About a month after I first fell ill, I went to a theme park for my birthday. I didn’t do much. Most of the rides were off-limits. I had to wear a surgical mask. I took shuttles around the park because I was too tired to walk, and I only stayed for a few hours. My day basically consisted of doing a few very sedentary activities, watching a parade, eating dinner and going home. I paid for it by sleeping for the next 24 hours and being totally wiped out for the next week.
However, a few days later, I received word that a “family friend” was completely up in arms about it. According to this woman, if I was well enough to go out for a single day, I was obviously well enough to be at work full-time, and I was just bluffing by staying home. I was stunned.

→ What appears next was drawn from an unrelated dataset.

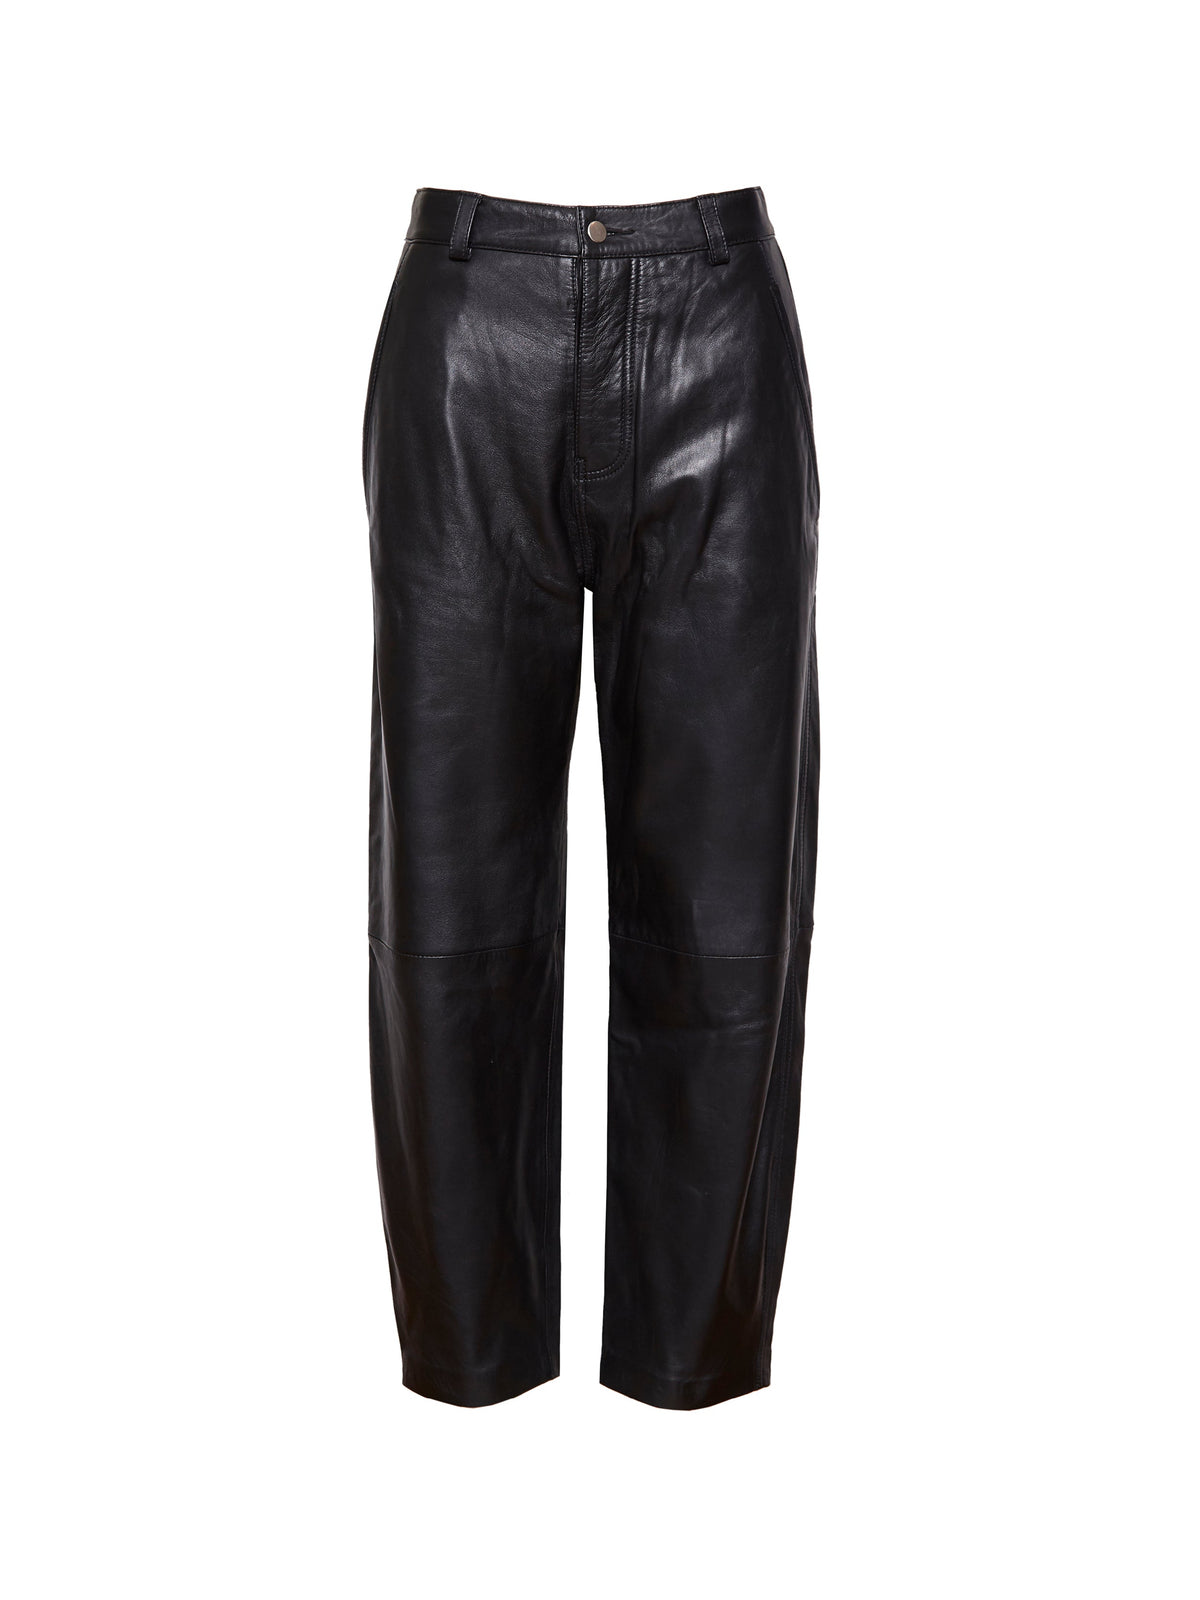 BUICK LEATHER PANT | BLACK

It’s common for people with chronic or long-term illnesses to have good and bad days. I’m no exception there. The thing is, a good day is just that: very limited in duration. The fact that I’m able to do something fun once in a while doesn’t mean that I’m still not seriously ill, or that I’m in any way capable of functioning as I did before. When you see a photo on Facebook where I’m smiling and appear to be acting “normally,” you don’t realize that it’s one tiny piece of a very large puzzle. You don’t know how much pain I was in, how much brain fog I was having, or that after the photo was taken I put my head down on a table for an hour because I was so tired. Moreover, as many people do, I might perhaps be curating my social media to focus on the happiest aspects of my life.
Having a long-term illness does not obligate me to become homebound. In fact, it’s in my best interest to try to get out of the house as much as I can, even if I can’t accomplish everything I might want to do. Having some enjoyable leisure hours is just as necessary as the medication prescribed by my doctor – and it might do more to keep my spirits up, which helps my overall health and well-being.
“Wow, you’ve gained/lost weight/look terrible (insert negative remark about personal appearance).”
As part of my illness, I’ve had liver inflammation and damage. My liver has swollen to the point where a bulge is visible through clothing and the right side of my abdomen is noticeably larger than the left. A few people have felt the need to tell me that I’ve gained weight or that my stomach is sticking out. Well, thanks, Captain Obvious! I don’t know what my own body looks like, so thanks ever so much for bringing it to my attention! Not. I honestly don’t get why people feel the need to do this.
On the other side of the coin, a lot of illnesses and treatments cause weight loss. You might want to think twice about telling your sick friend how awesome it is that she’s dropped those 20 kgs. No, being sick really isn’t awesome, and when it wreaks havoc and causes massive physical changes, that generally doesn’t feel awesome either.
Your friend knows what her body looks like; she doesn’t need your running commentary about it. If you feel the urge to do this, just…don’t. Seriously. Don’t. It’s rude and unnecessary. That’s actually a good philosophy to keep for your friends that aren’t ill, too.
Bonus #5: “I don’t know how to interact with my friend now. I’m stepping on eggshells with all of this.”
Really, despite all of the admonitions above, it’s not difficult. What do I want people to do for me, personally? Hold space, let me talk, realize that this might not have an easy or quick resolution, and that the road to get there might be treacherous. Extend help if they can; extend support and good wishes if they can’t. Just being there can mean everything.